→ THE DATA
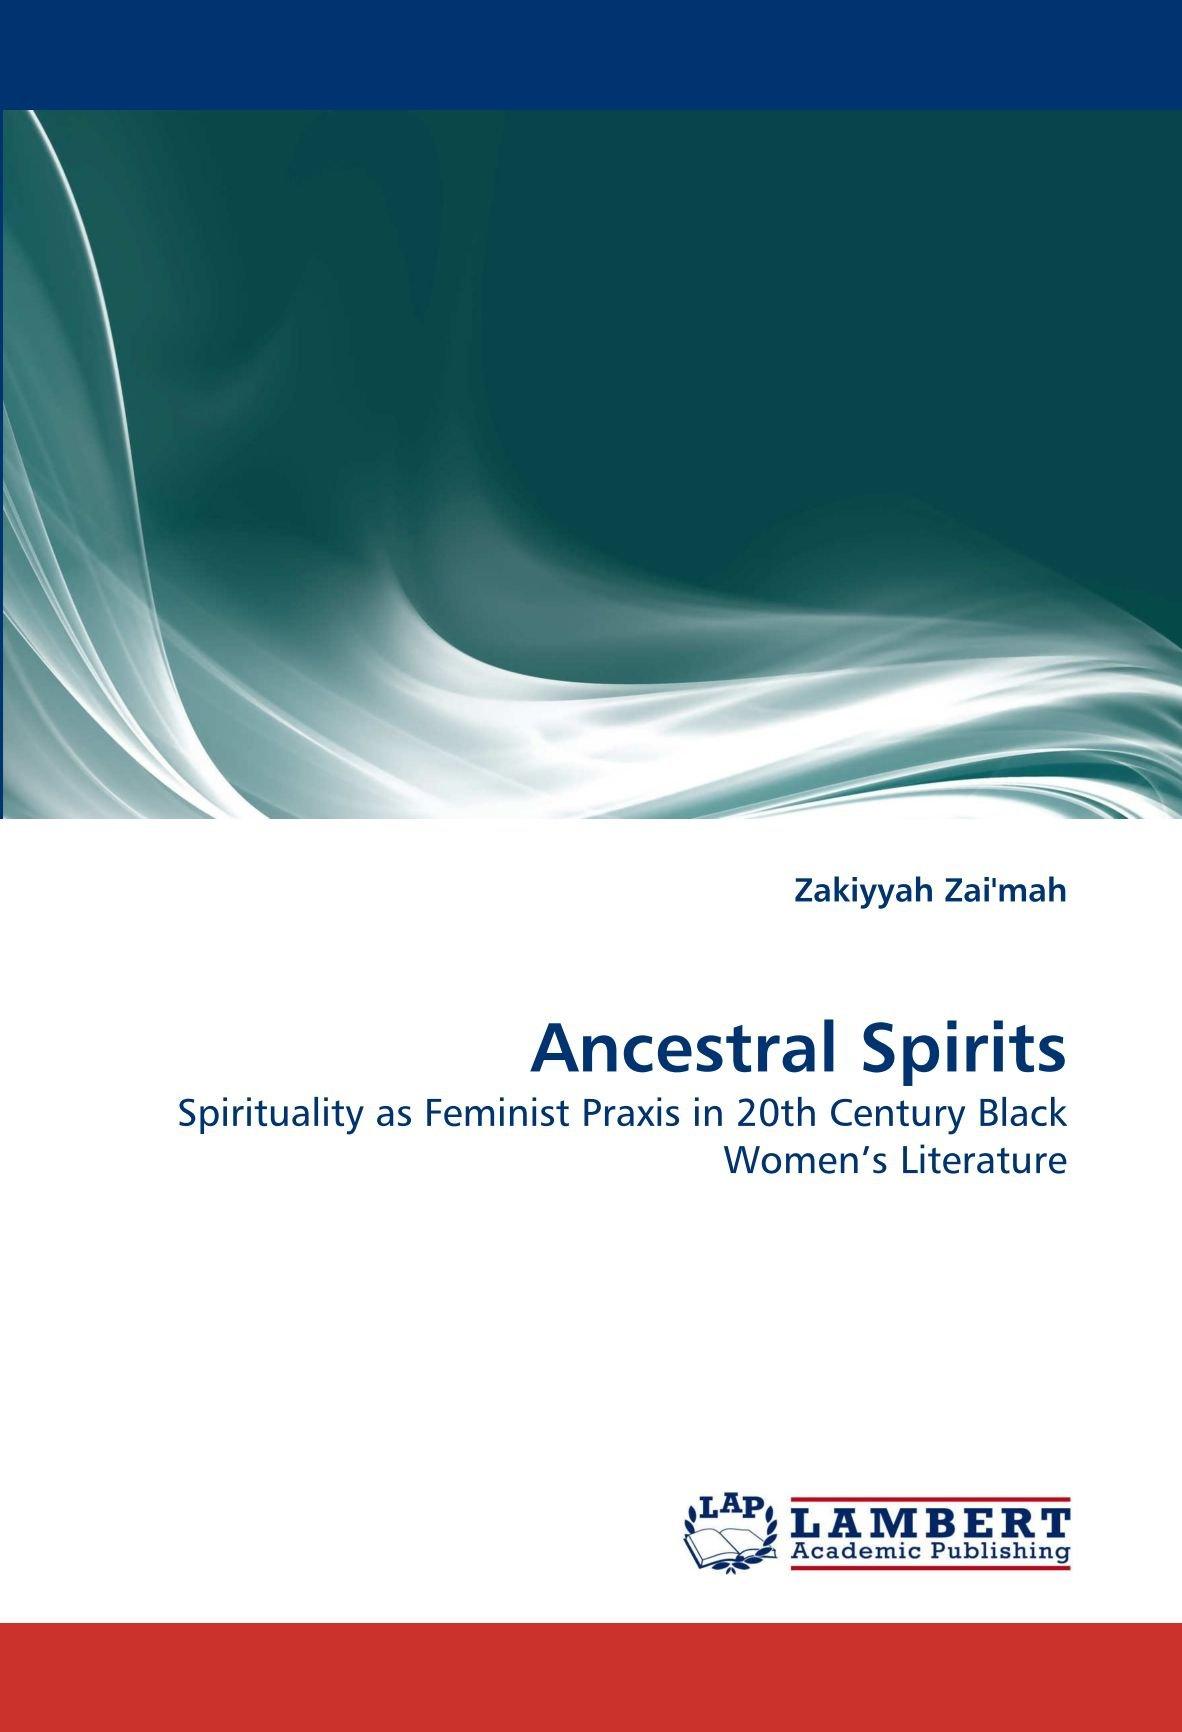 Download Ancestral Spirits: Spirituality as Feminist Praxis in 20th Century Black Women's Literature ebook
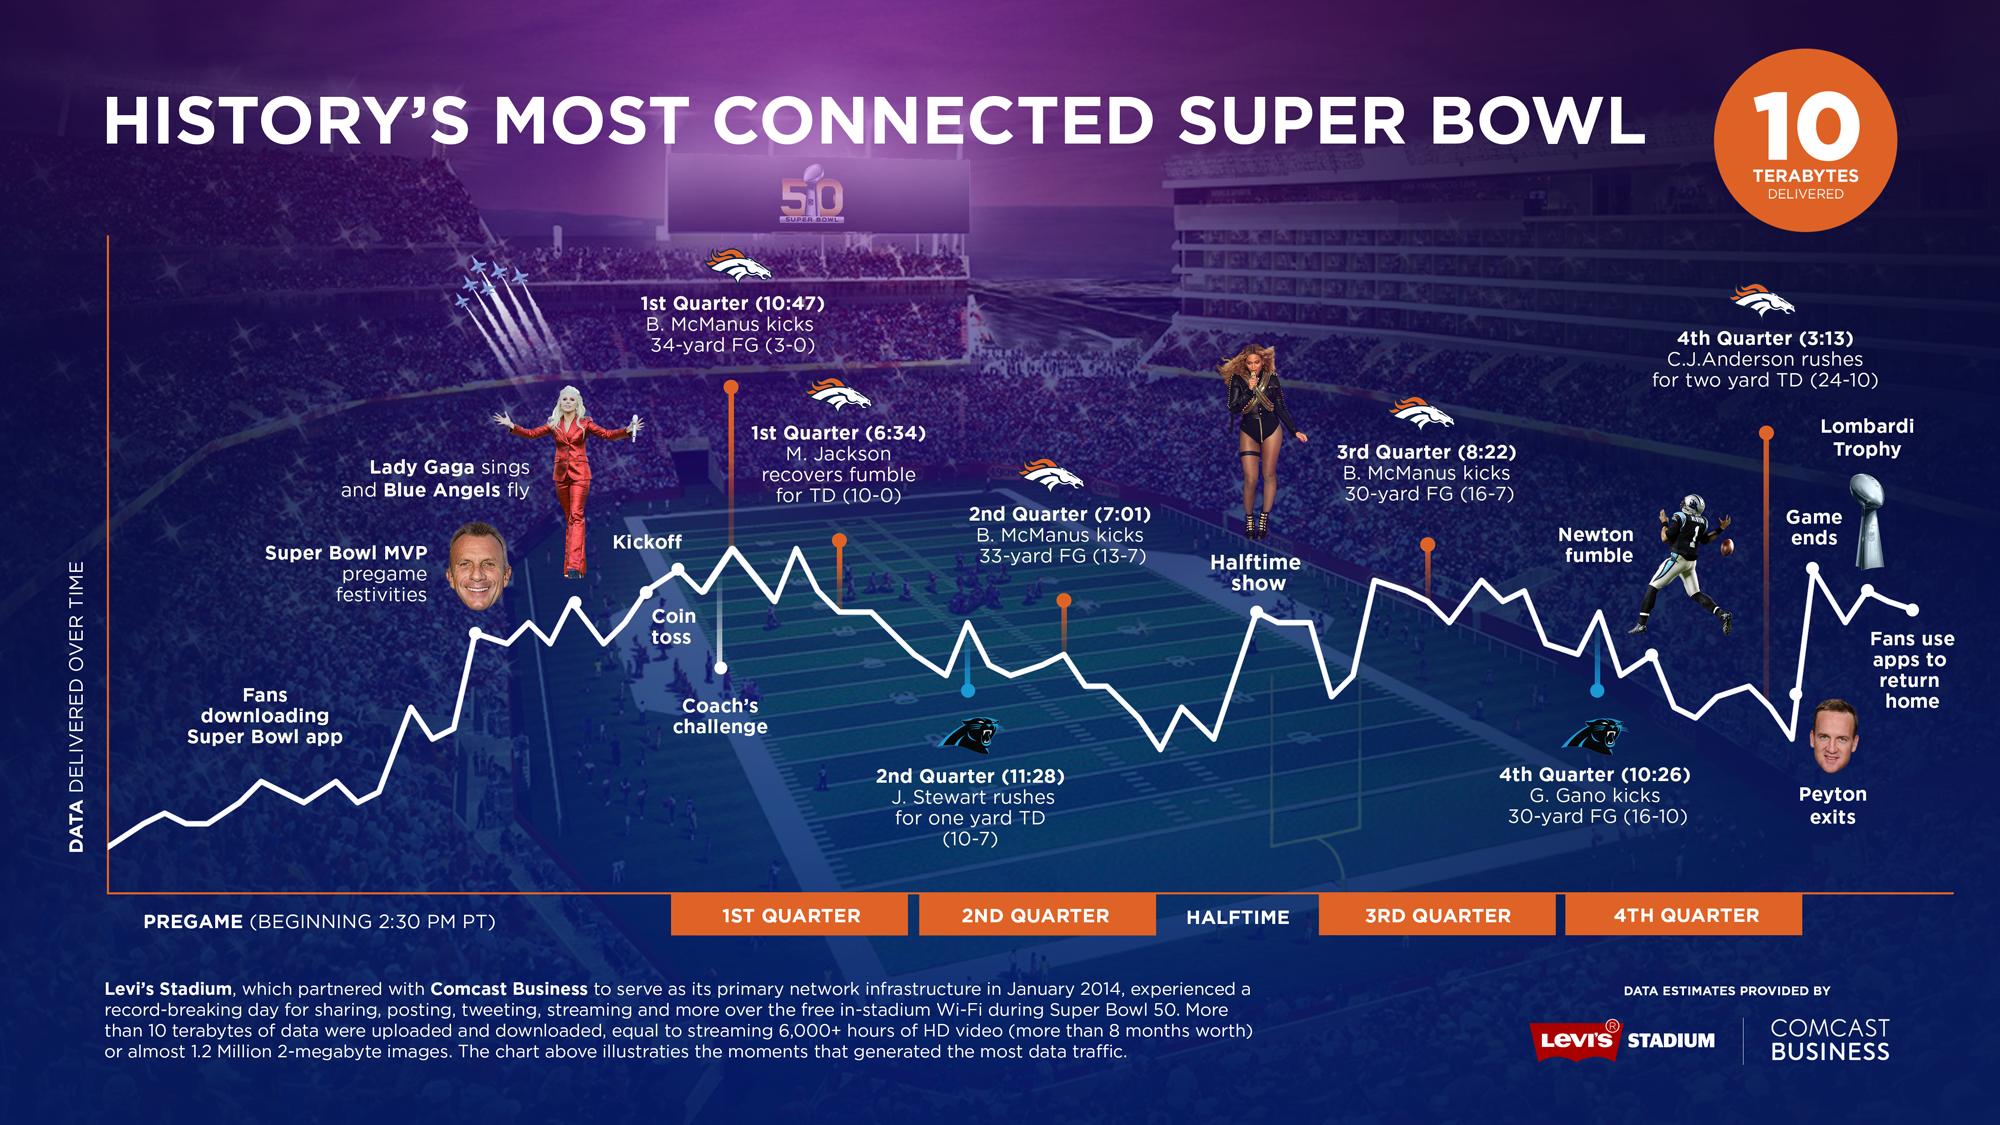 Superbowl-Comcast-Business-Levis-Stadium-Infographic-Final
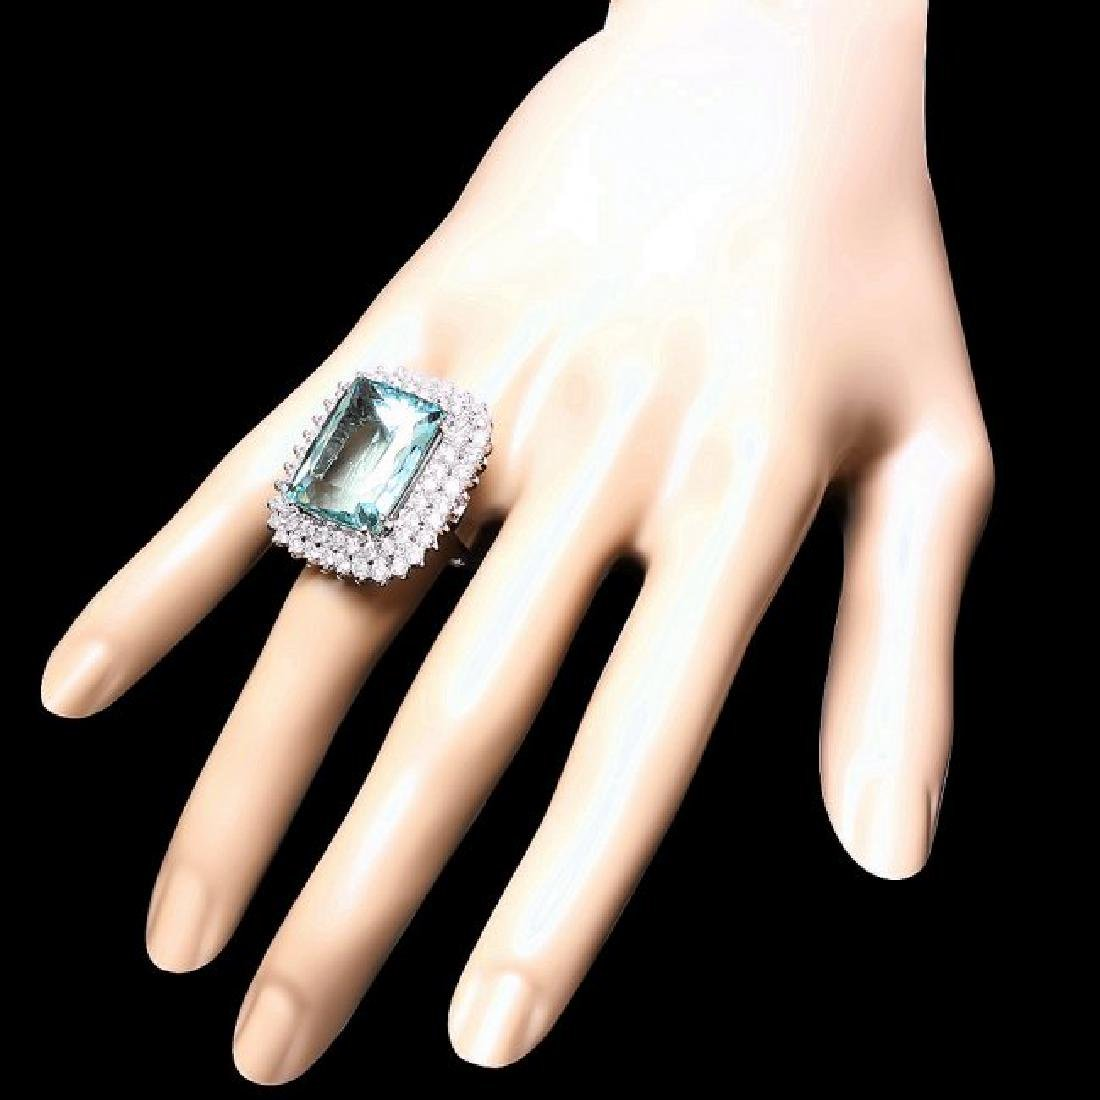 14k Gold 21.00ct Aquamarine 3.00ct Diamond Ring - 3
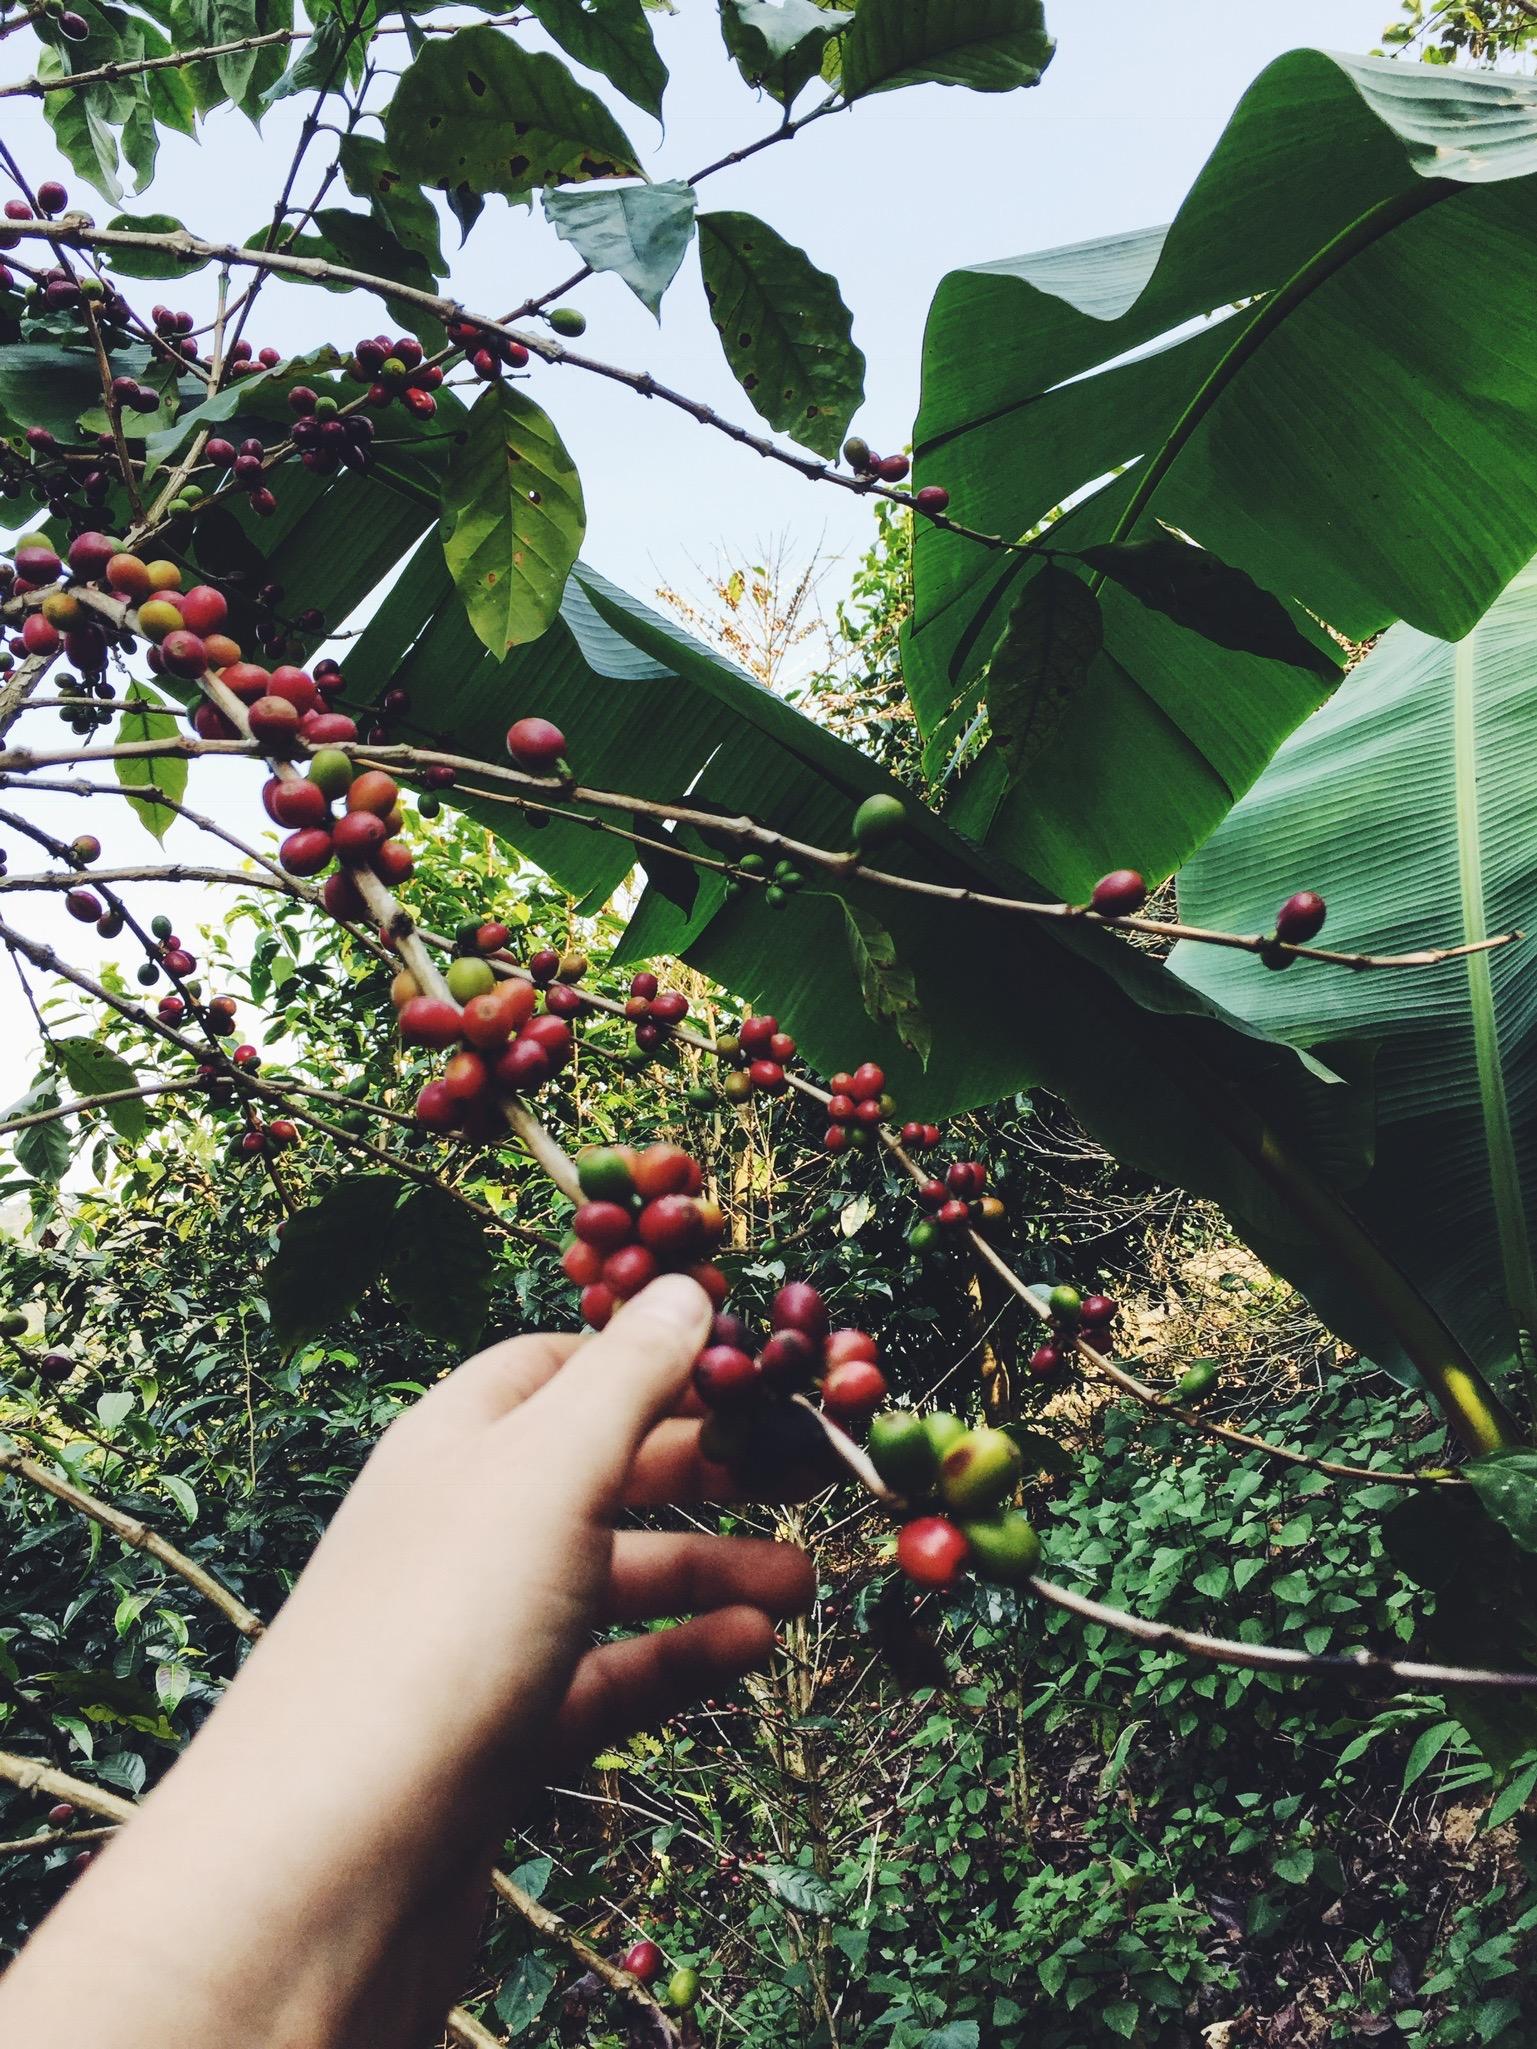 Picking coffee cherries on Lee's farm.

→ WORK ORDER
The material is to be reproduced verbatim, and no picture may appear in the copy.

→ ANSWER TO THE PROBLEM
 Download Ancestral Spirits: Spirituality as Feminist Praxis in 20th Century Black Women's Literature ebook
 Superbowl-Comcast-Business-Levis-Stadium-Infographic-Final
 14k Gold 21.00ct Aquamarine 3.00ct Diamond Ring - 3
 Picking coffee cherries on Lee's farm.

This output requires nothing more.